Where Pith is reading between the lines
- The subspace constraint may support longer training runs before instability sets in.
- Low-rank critics could scale to higher capacities in environments with scarce or noisy data.
- Similar freezing of base weights might regularize other components such as actors in the same framework.
Load-bearing premise
Freezing randomly initialized base matrices and optimizing only low-rank adapters sufficiently preserves the critic's expressive power while preventing overfitting in replay-based training.
What would settle it
A direct comparison on tasks with minimal overfitting risk where LoRA critics achieve noticeably lower returns than full-parameter critics, showing the low-rank constraint has removed necessary capacity.
Figures
read the original abstract
Scaling critic capacity is a promising direction for improving off-policy reinforcement learning (RL). However, recent work shows that larger critics are prone to overfitting and instability in replay-based bootstrapped training. In this paper, we propose using Low-Rank Adaptation (LoRA) as a structural regularizer for critic learning. Our approach freezes randomly initialized base matrices and optimizes only the corresponding low-rank adapters, thereby constraining critic updates to a low-dimensional subspace. We evaluate our method across different off-policy RL algorithms, including SAC and FastTD3 based on different network architectures. Empirically, LoRA efficiently reduces critic loss during training and improves overall policy performance, achieving the best or competitive results on most tasks. Extensive experiments demonstrate that our low-rank updates provide a simple and effective form of structural regularization for critic learning in off-policy RL.
Editorial analysis
A structured set of objections, weighed in public.
Referee Report
Summary. The paper proposes Low-Rank Adaptation (LoRA) as a structural regularizer for critic networks in off-policy RL algorithms such as SAC and FastTD3. Randomly initialized base matrices are frozen while only low-rank adapters are optimized, constraining critic updates to a low-dimensional subspace during replay-based bootstrapped training. The authors claim this reduces critic loss, mitigates overfitting from large critics, and yields best or competitive policy performance across tasks, supported by extensive experiments on different network architectures.
Significance. If the central claim holds after addressing experimental controls, the work offers a simple, hyperparameter-light way to regularize critic capacity in off-policy RL by leveraging parameter-efficient adaptation techniques. This could help scale critics without instability, building on known benefits of LoRA in other domains. The approach is credited for its straightforward integration and focus on a practical issue in replay-based training.
major comments (2)
- [Experiments] Experiments section: The claim that low-rank subspace constraints provide structural regularization (distinct from capacity reduction) is not isolated, as no control baseline matches the number of trainable parameters using a full-rank but narrower architecture. Without this, performance gains could be explained by reduced capacity alone, which is already known to mitigate overfitting in off-policy settings.

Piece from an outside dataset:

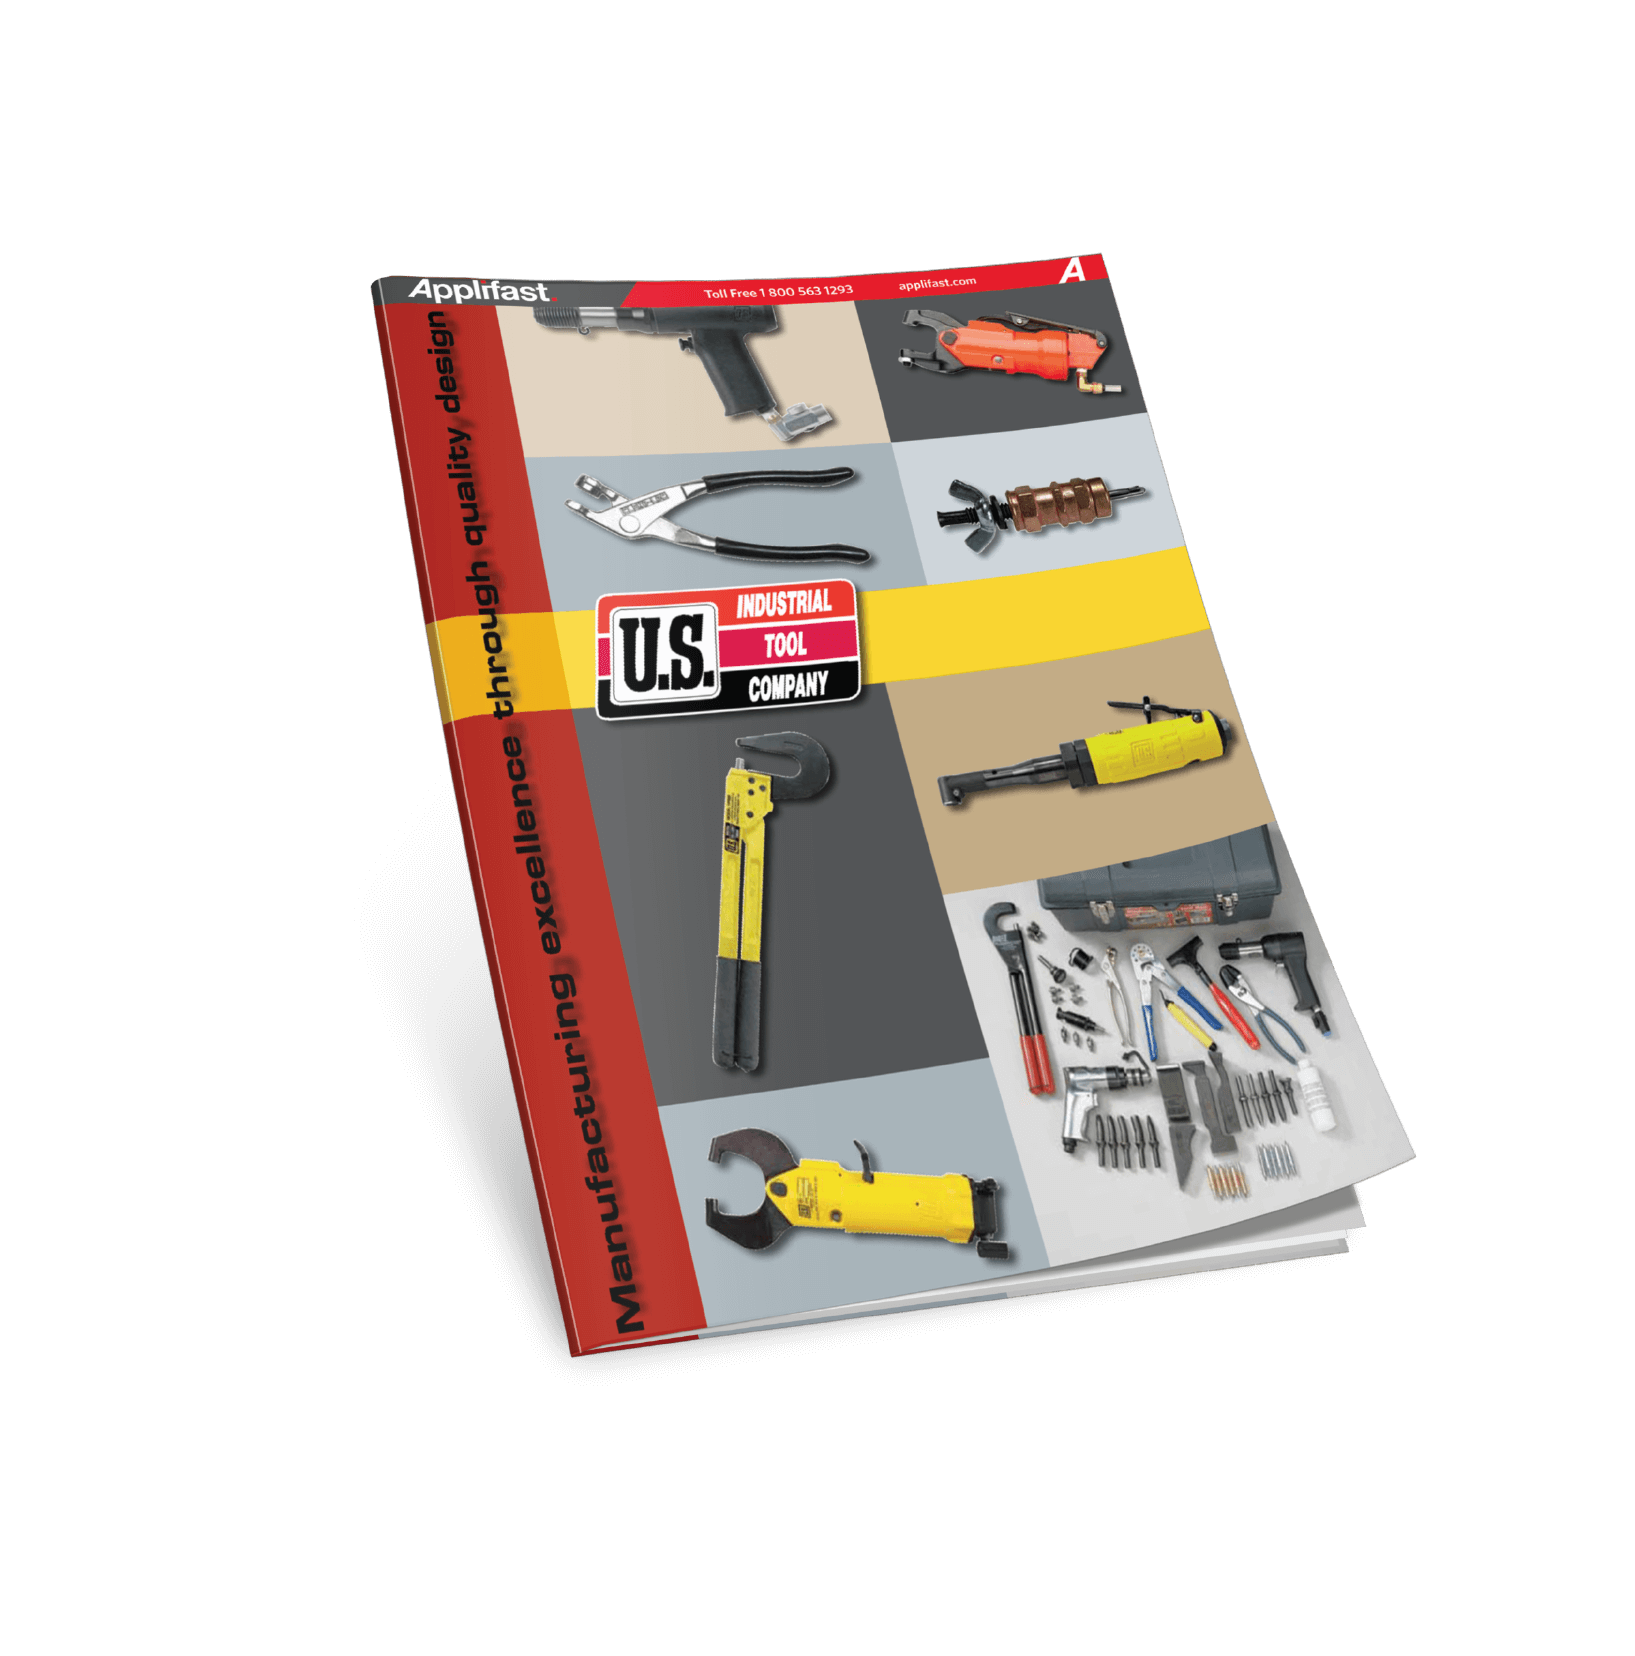 APPLIFAST - U.S. INDUSTRIAL TOOL COMPANY CATALOGUE

- [Results] Results and abstract: No quantitative metrics, ablation details, error bars, or statistical significance tests are reported for the claimed improvements on SAC and FastTD3, preventing assessment of effect sizes or robustness of the empirical findings.
minor comments (1)
- [Method] Method section: The description of how base matrices are initialized and frozen could include an explicit equation for the adapted critic output to clarify the low-rank update form.
Simulated Author's Rebuttal
We thank the referee for the constructive feedback on our manuscript. We address each major comment below and outline the revisions we intend to make to strengthen the paper.
read point-by-point responses
-
Referee: [Experiments] Experiments section: The claim that low-rank subspace constraints provide structural regularization (distinct from capacity reduction) is not isolated, as no control baseline matches the number of trainable parameters using a full-rank but narrower architecture. Without this, performance gains could be explained by reduced capacity alone, which is already known to mitigate overfitting in off-policy settings.
Authors: We agree that the current experiments do not fully isolate the effect of constraining updates to a low-rank subspace from the general benefit of reduced trainable parameters. A narrower full-rank critic with matched parameter count would provide a stronger control. We will add this baseline to the revised experiments section, evaluating it on representative tasks from the SAC and FastTD3 suites to better distinguish the structural regularization aspect of LoRA. revision: yes
-
Referee: [Results] Results and abstract: No quantitative metrics, ablation details, error bars, or statistical significance tests are reported for the claimed improvements on SAC and FastTD3, preventing assessment of effect sizes or robustness of the empirical findings.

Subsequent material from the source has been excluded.